The breakthrough comes when a client discovers that sitting in tension and discomfort is not the obstacle, it is the doorway. On the other side of that discomfort lives clarity, courage, and the freedom of finally closing the circles that have quietly been draining their energy and potential and walking through doors that lead to their highest self.
What results have you seen from clients who fully embrace the tools and techniques you teach, and how does this impact their long-term growth?
I love what Brené Brown says about vulnerability, it is the birthplace of innovation, creativity, and change. And while most organisations are still obsessed with KPIs, ROIs, and measurable outcomes, metrics that often fall short of capturing what in the human capacity creates the most powerful shifts.

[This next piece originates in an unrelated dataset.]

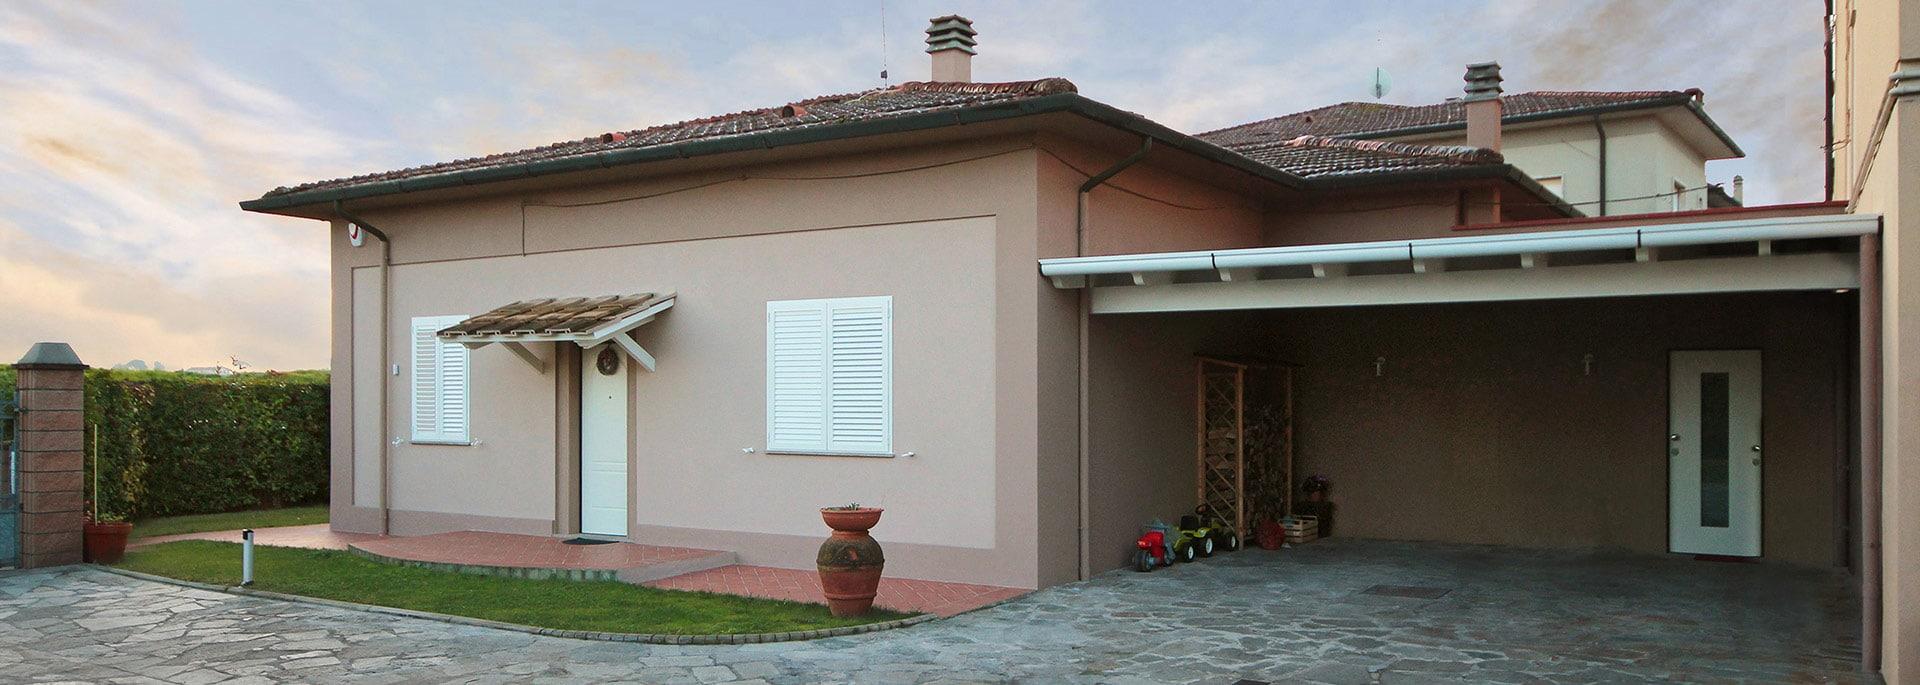 Arredamento Country Chic Moderno Villetta Toscana

The results of this work are not always visible in performance reviews or quarterly reports. They show up in how someone handles a crisis, stays present in conflict, and leads with grace through volatility and uncertainty. Deeper resilience. Greater emotional capacity for problem-solving. The ability to sit longer with complexity and still make sound decisions. These are not soft skills, they are the most sophisticated human capacities we possess. They are what make us outperform our AI counterparts.
Those individuals and organisations who learn to sit in vulnerability with curiosity rather than shame become change agents and pioneers in their fields, with the courage to evolve and reinvent themselves when seasons of disruption arrive rather than stagnate and get stuck.
The ripple effect? It almost always shows up in personal relationships first. The ancient Hermetic principle, "as within, so without", has stood the test of time for good reason. When the inner world shifts, the outer world follows. It was true thousands of years ago. And every client and organisation that has done this work proves it still is.
Why is diversity the most underutilised strategic asset in modern organisations and what does it take to decode and develop the human capacity to lead within it?
Research shows that diverse teams make better decisions 87% of the time. Cognitive diversity forces deeper thinking, a broader perspective, and more careful processing of information. Diverse teams solve problems better. They innovate more boldly. And they produce a quality of creativity that no algorithm can replicate, because it emerges not from data, but from creating meaning together.
So why is it so underutilised? Because diversity without the human capacity to navigate it is not an asset, it is a liability. The threat of conflict, communication breakdown, and the discomfort of genuine difference sends most organisations retreating to the safety of consensus. And in retreating to consensus, organisations are paying a price they cannot afford, sacrificing the innovation, creativity, and elevated sense-making that only emerges when diverse perspectives are genuinely welcomed and skillfully navigated.
Most organisations treat diversity as a strategy. The ones who get it right treat it as a value. And there is a world of difference between the two, because values drive behaviour, and behaviour drives culture.
This is precisely what the diagnostic work develops. When individuals decode their own behavioural patterns, own their contribution to team dynamics, and develop the self-awareness and emotional capacity to navigate difference, diversity stops being a challenge to manage and becomes the most powerful strategic advantage in the room.
The future of human performance that is both measured and felt will be anchored in its authenticity. And the organisations bold enough to invest in developing that authenticity, will be the ones who lead it.